**Record set**
· · · · ·
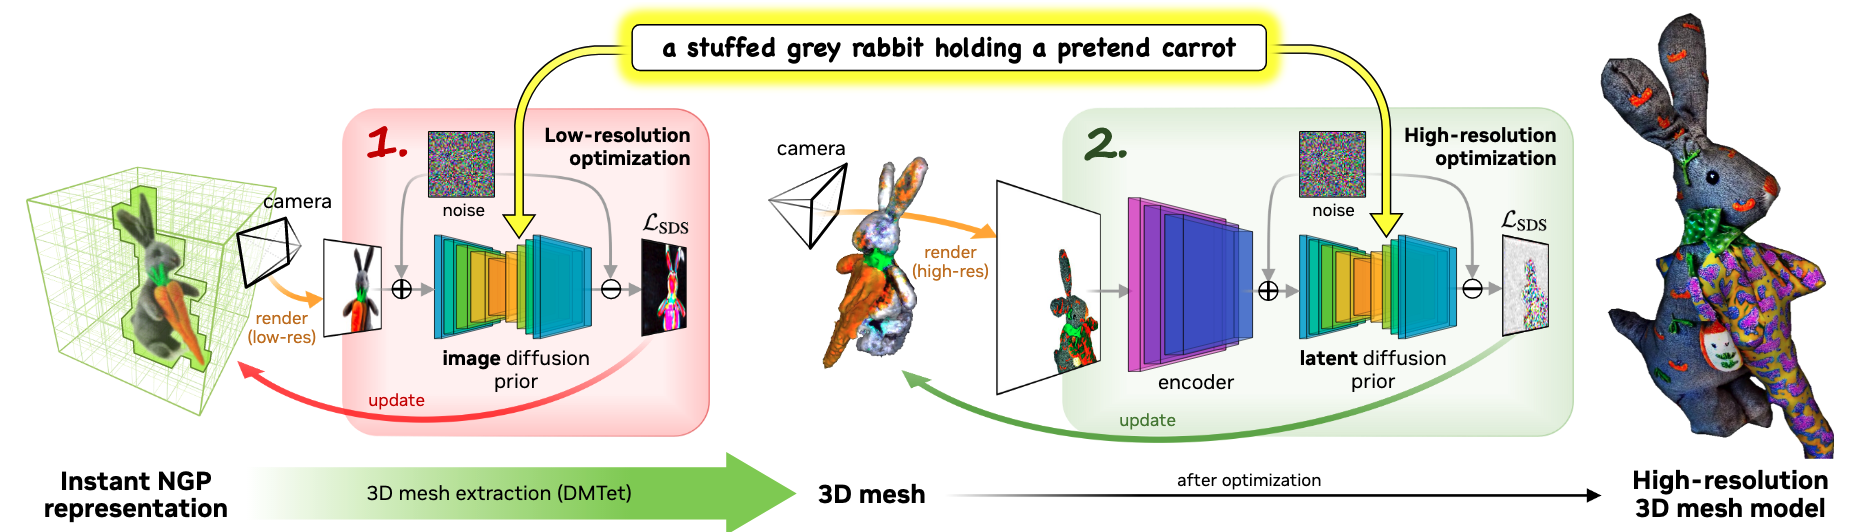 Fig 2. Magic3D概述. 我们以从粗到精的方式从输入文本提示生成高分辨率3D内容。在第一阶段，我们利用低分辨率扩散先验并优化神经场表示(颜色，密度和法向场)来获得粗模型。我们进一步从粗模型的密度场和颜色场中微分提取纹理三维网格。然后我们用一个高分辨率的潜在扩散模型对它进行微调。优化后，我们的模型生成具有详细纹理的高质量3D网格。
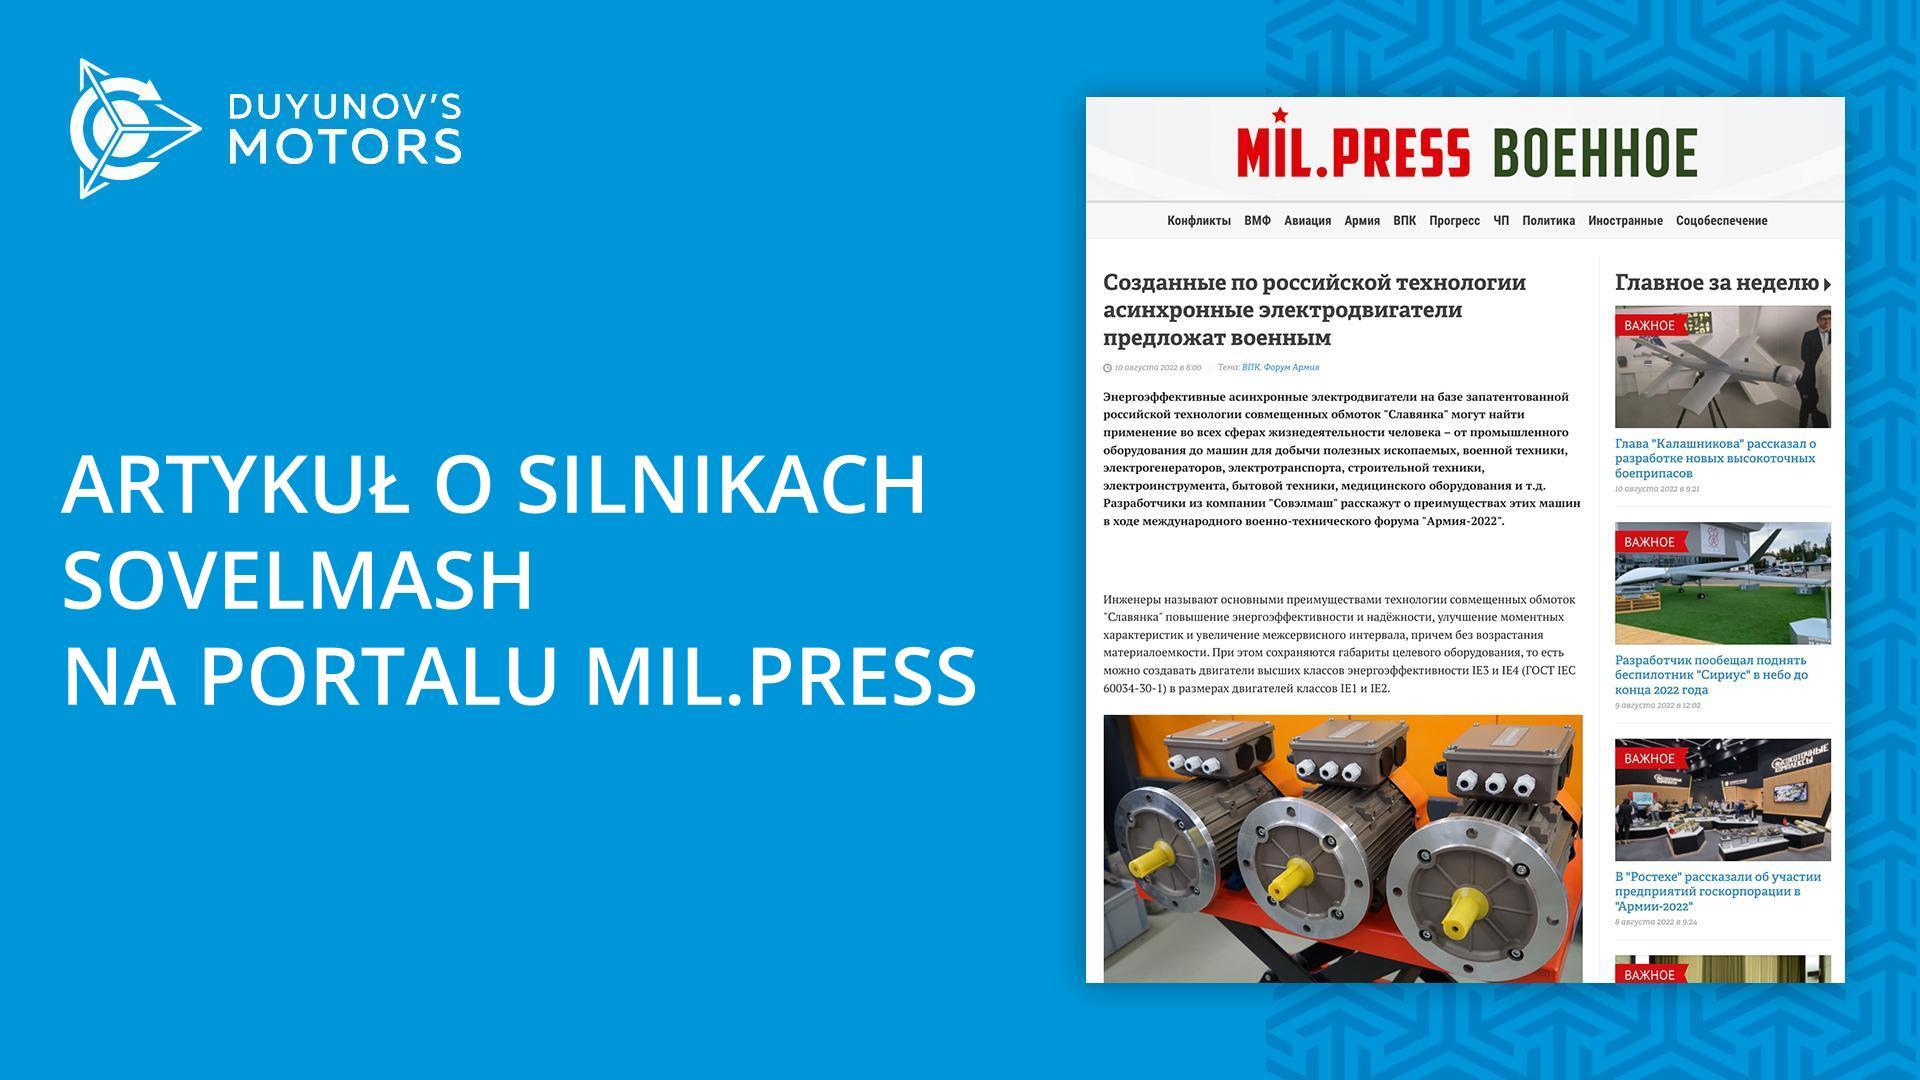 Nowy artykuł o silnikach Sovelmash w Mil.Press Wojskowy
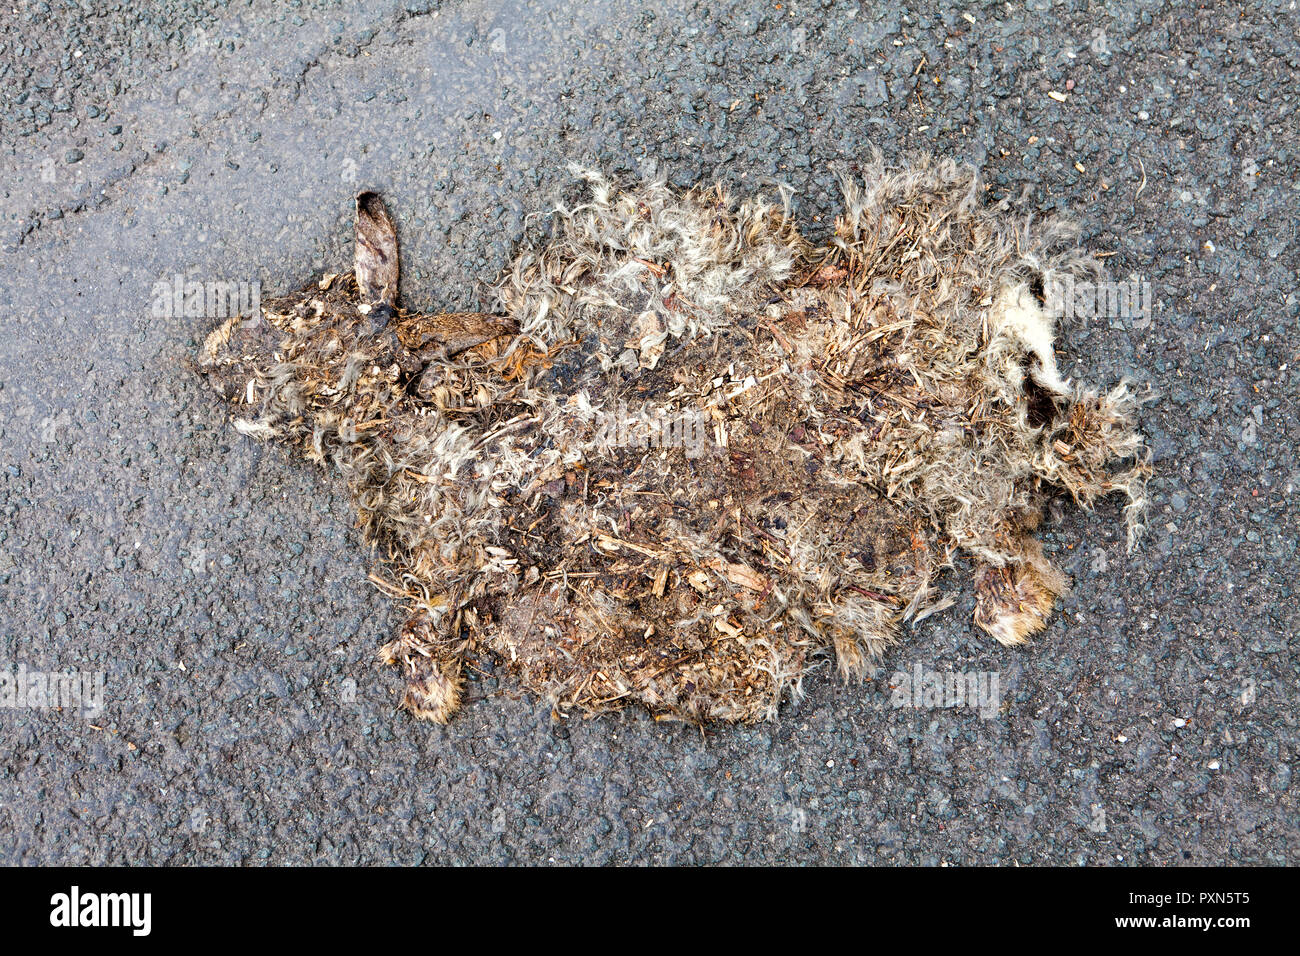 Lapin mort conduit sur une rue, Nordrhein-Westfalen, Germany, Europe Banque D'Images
· · · · ·
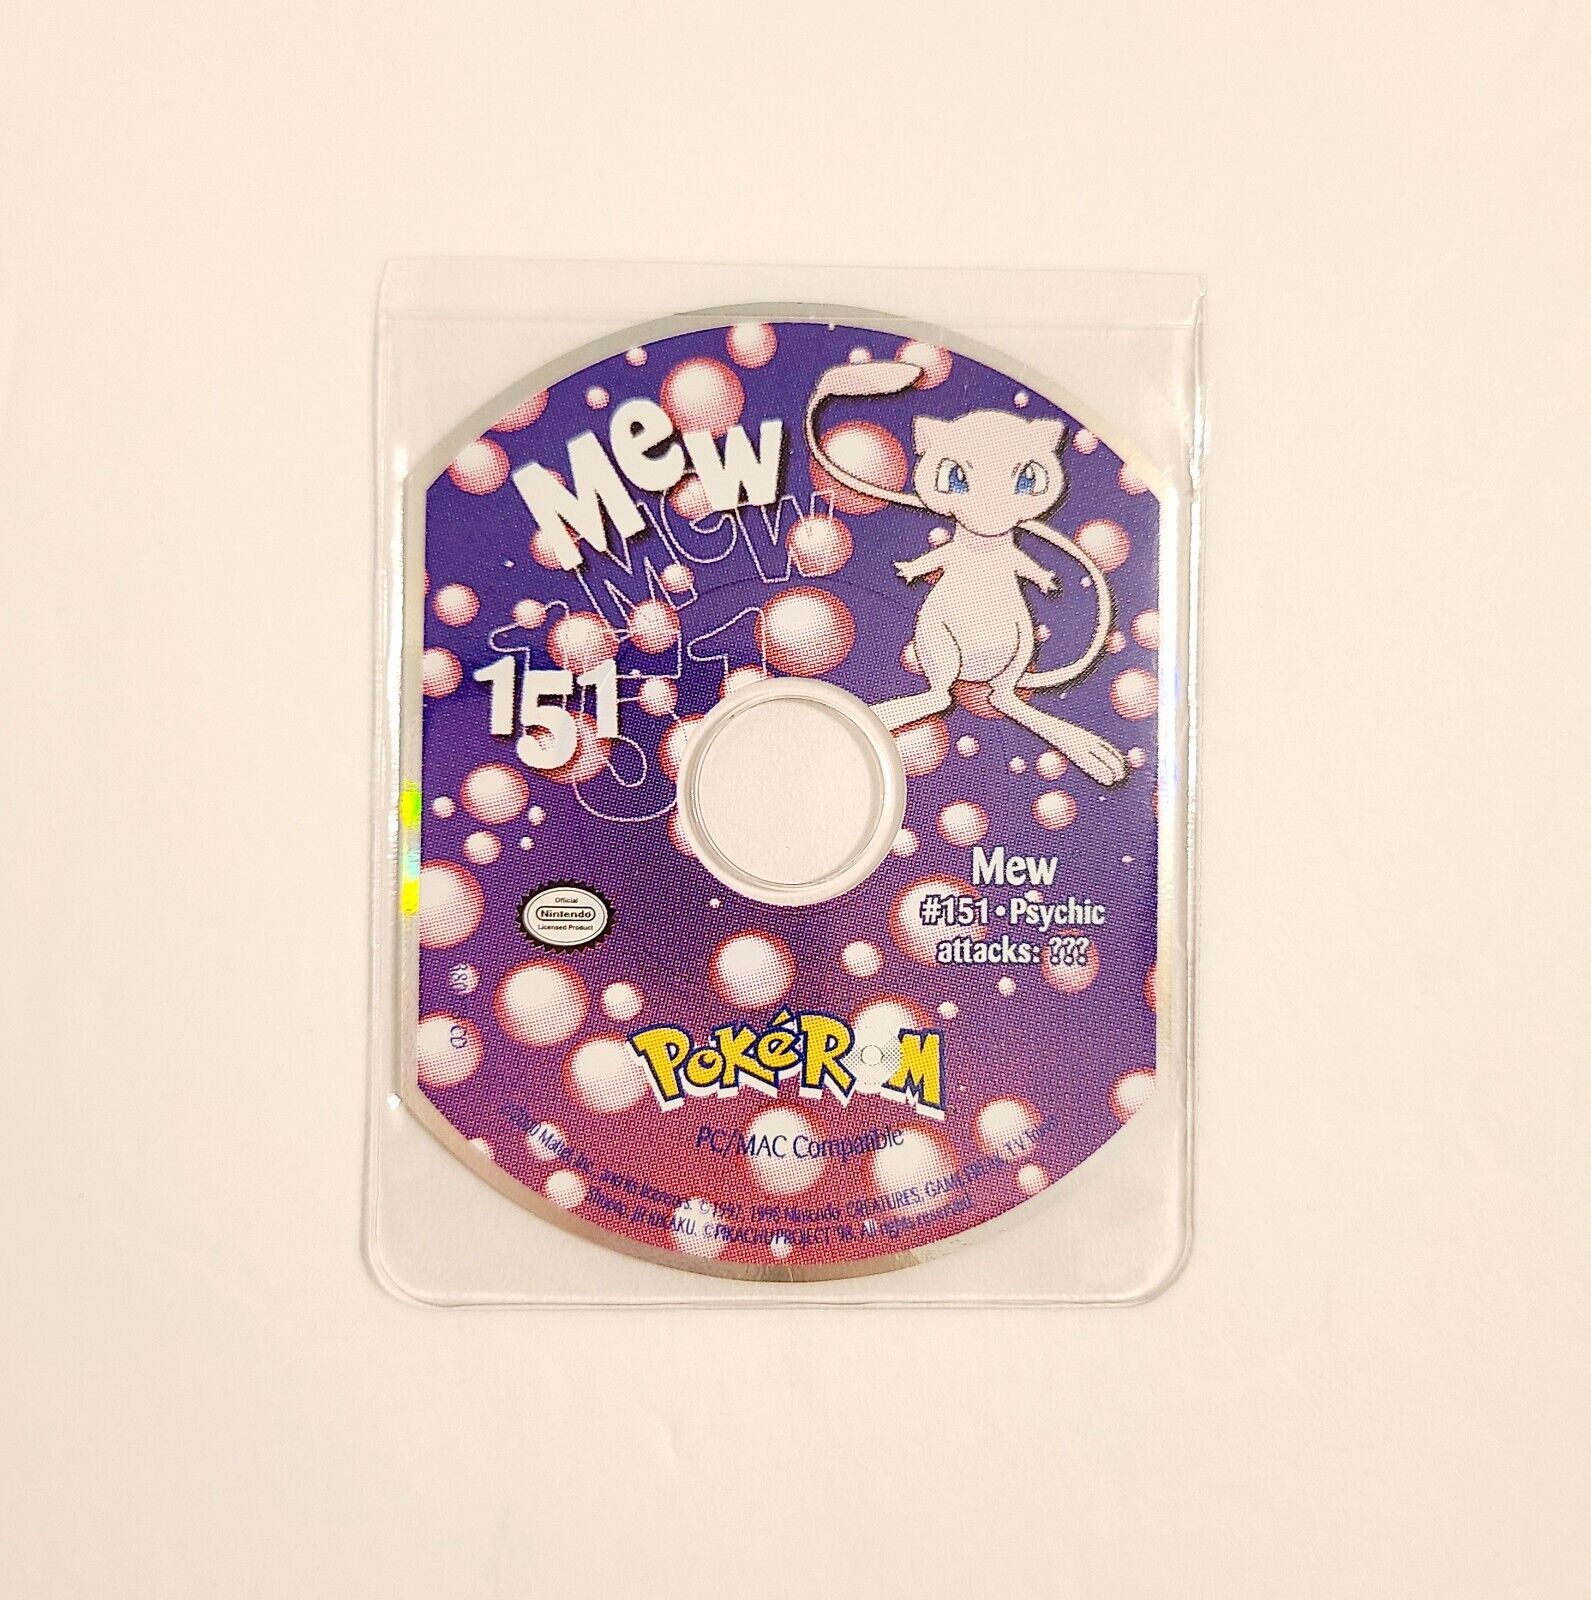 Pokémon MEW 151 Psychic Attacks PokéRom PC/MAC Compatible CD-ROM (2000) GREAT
· · · · ·
**Task goal**
Given the listing above, repeat exactly the lines starting at the one with "Fig 2. Magic3D概述." and ending at the one with "Lapin mort conduit", inclusive, excluding pictures.

**Result of the exercise**
 Fig 2. Magic3D概述. 我们以从粗到精的方式从输入文本提示生成高分辨率3D内容。在第一阶段，我们利用低分辨率扩散先验并优化神经场表示(颜色，密度和法向场)来获得粗模型。我们进一步从粗模型的密度场和颜色场中微分提取纹理三维网格。然后我们用一个高分辨率的潜在扩散模型对它进行微调。优化后，我们的模型生成具有详细纹理的高质量3D网格。
 Nowy artykuł o silnikach Sovelmash w Mil.Press Wojskowy
 Lapin mort conduit sur une rue, Nordrhein-Westfalen, Germany, Europe Banque D'Images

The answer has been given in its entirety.